• [Raw data]:
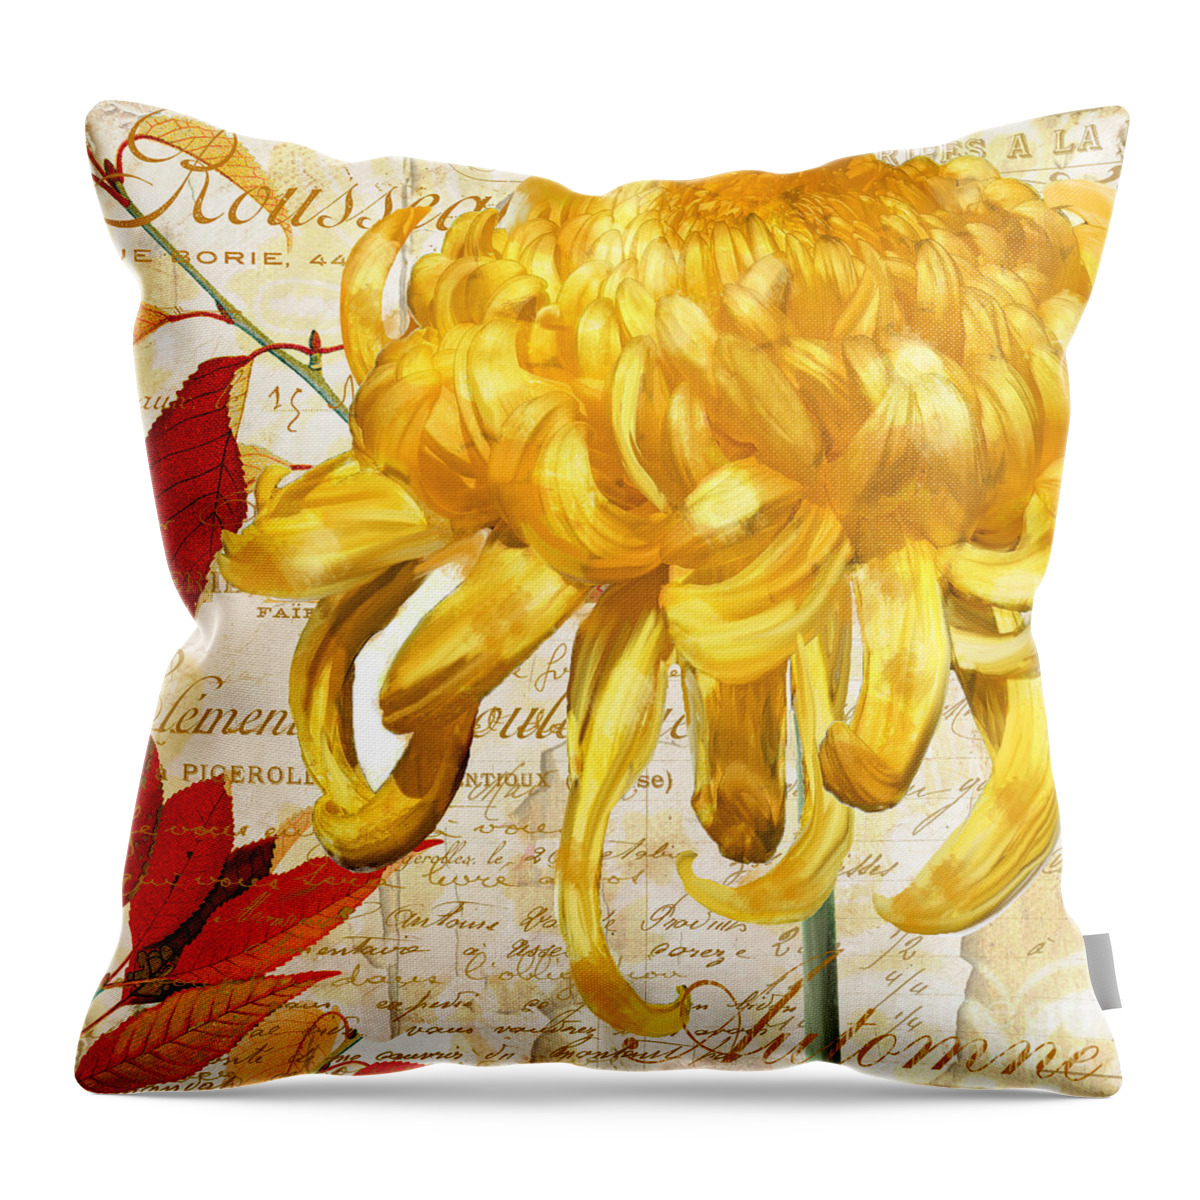 Chrysanthemums Throw Pillow featuring the painting Chrysanthemes by Mindy Sommers
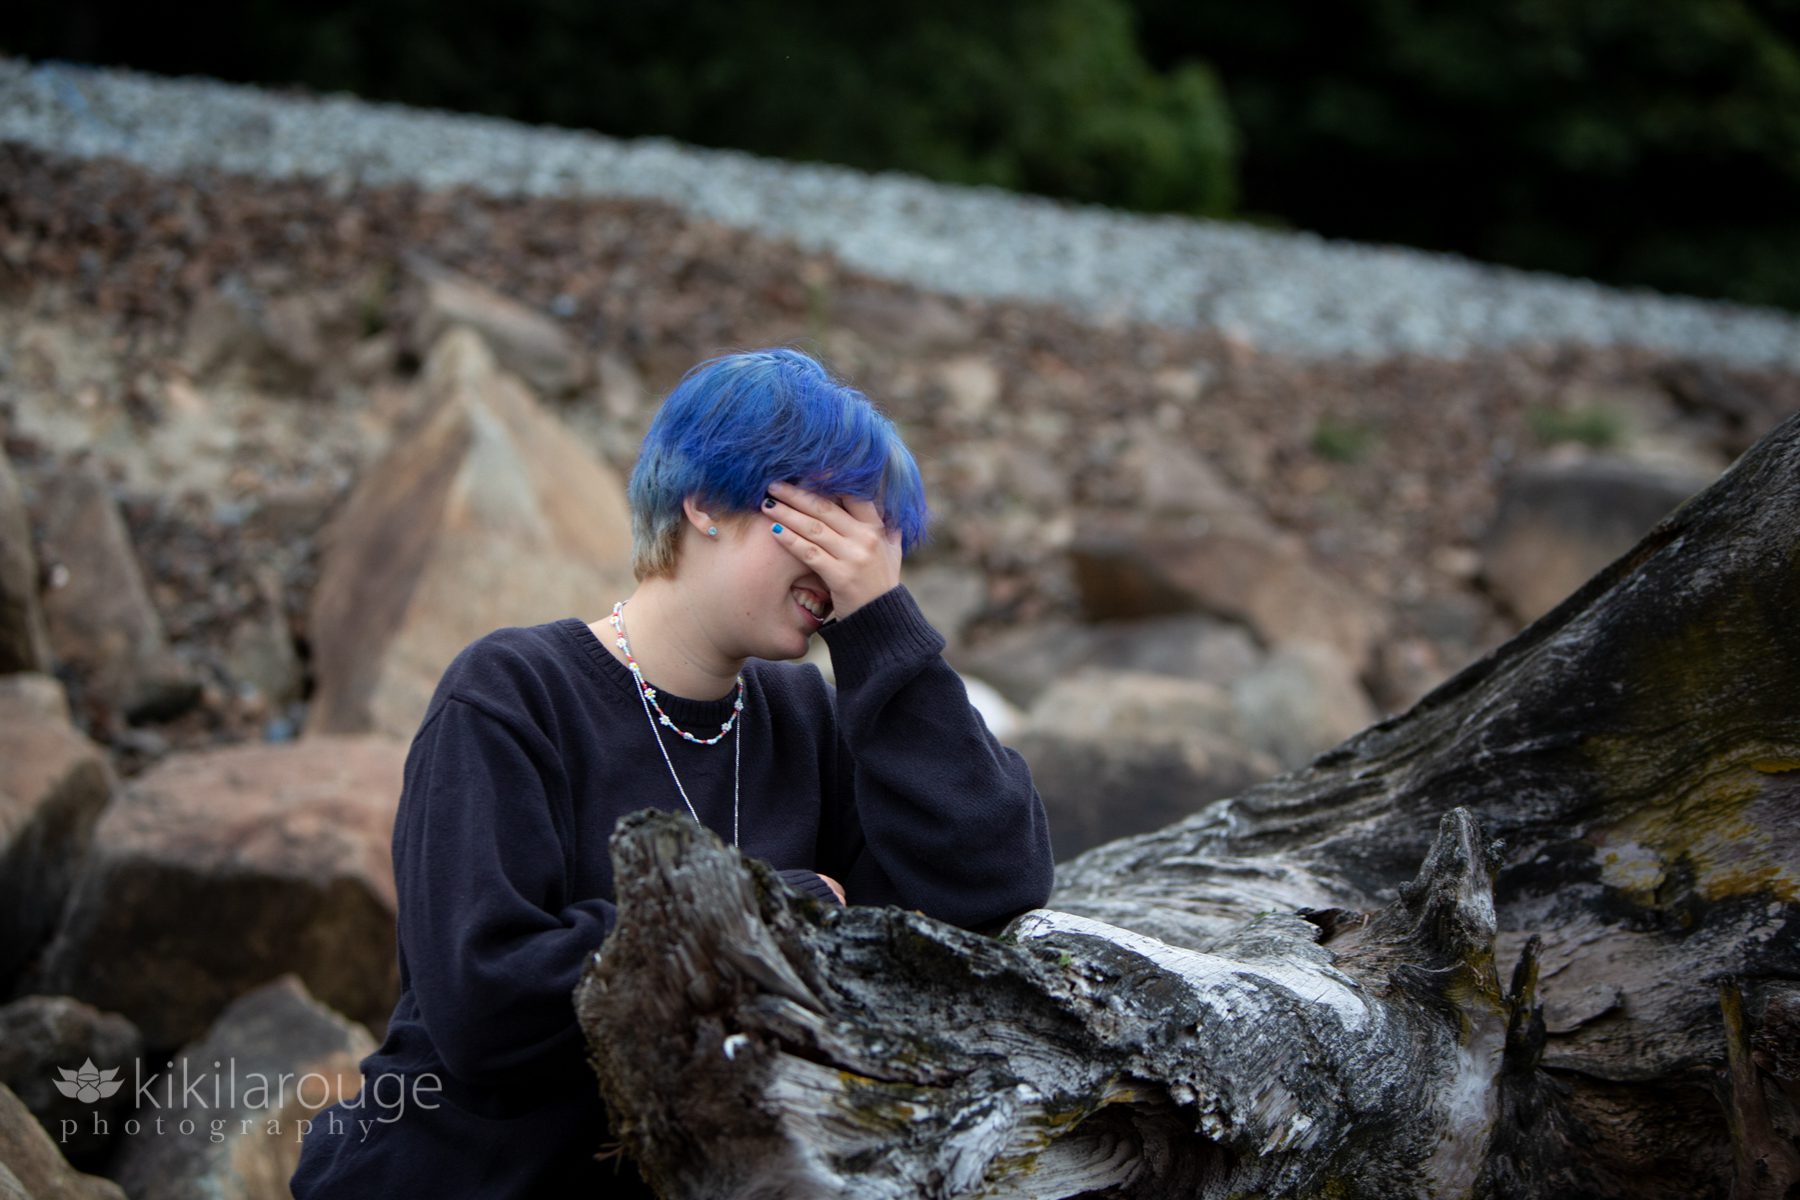 Teen with blue hair laughing into her hand leaning on large driftwood
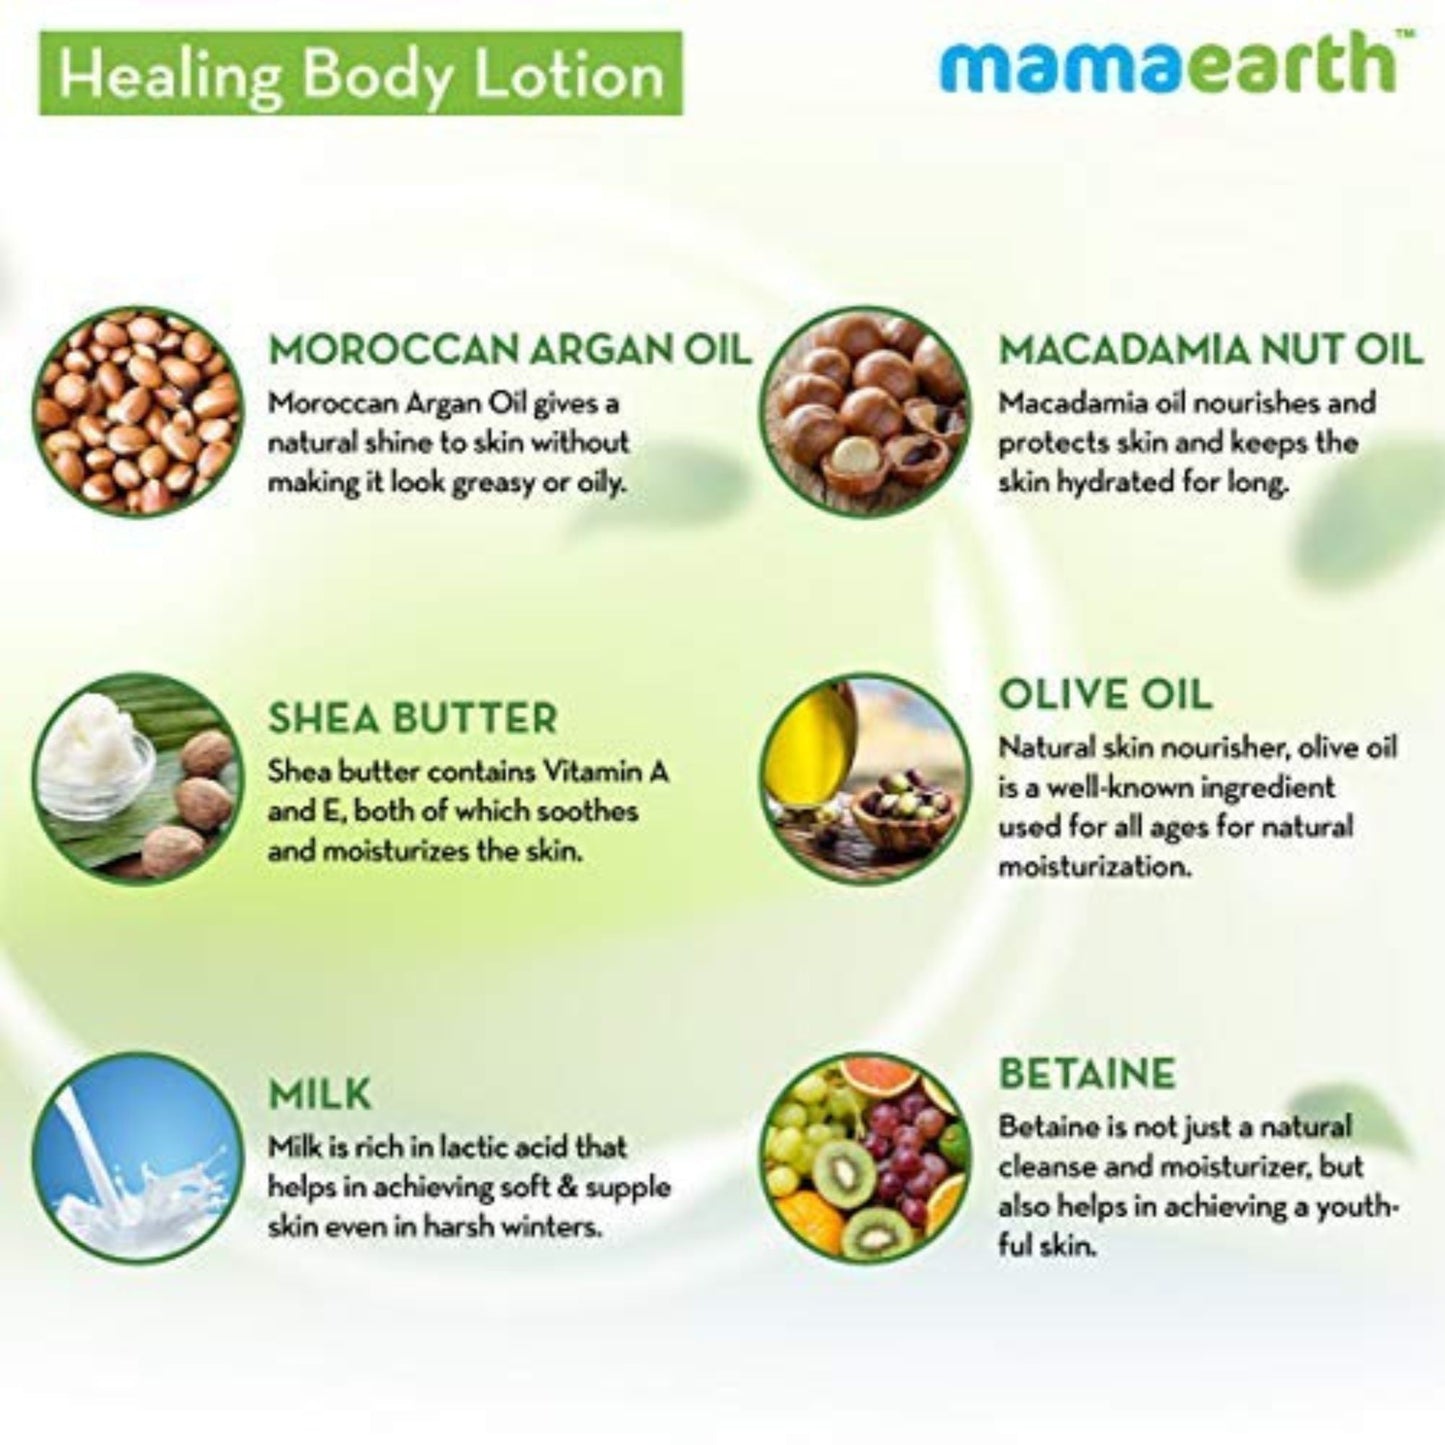 Mamaearth Healing Natural Body Lotion with Argan Oil & Macadamia Nut for Women & Men with Dry Skin for All Seasons, 250ml

• [Exercise brief]:
Your answer should be every line above, written out exactly, with no pictures.

• [Finished task]:
 Chrysanthemums Throw Pillow featuring the painting Chrysanthemes by Mindy Sommers
 Teen with blue hair laughing into her hand leaning on large driftwood
 Mamaearth Healing Natural Body Lotion with Argan Oil & Macadamia Nut for Women & Men with Dry Skin for All Seasons, 250ml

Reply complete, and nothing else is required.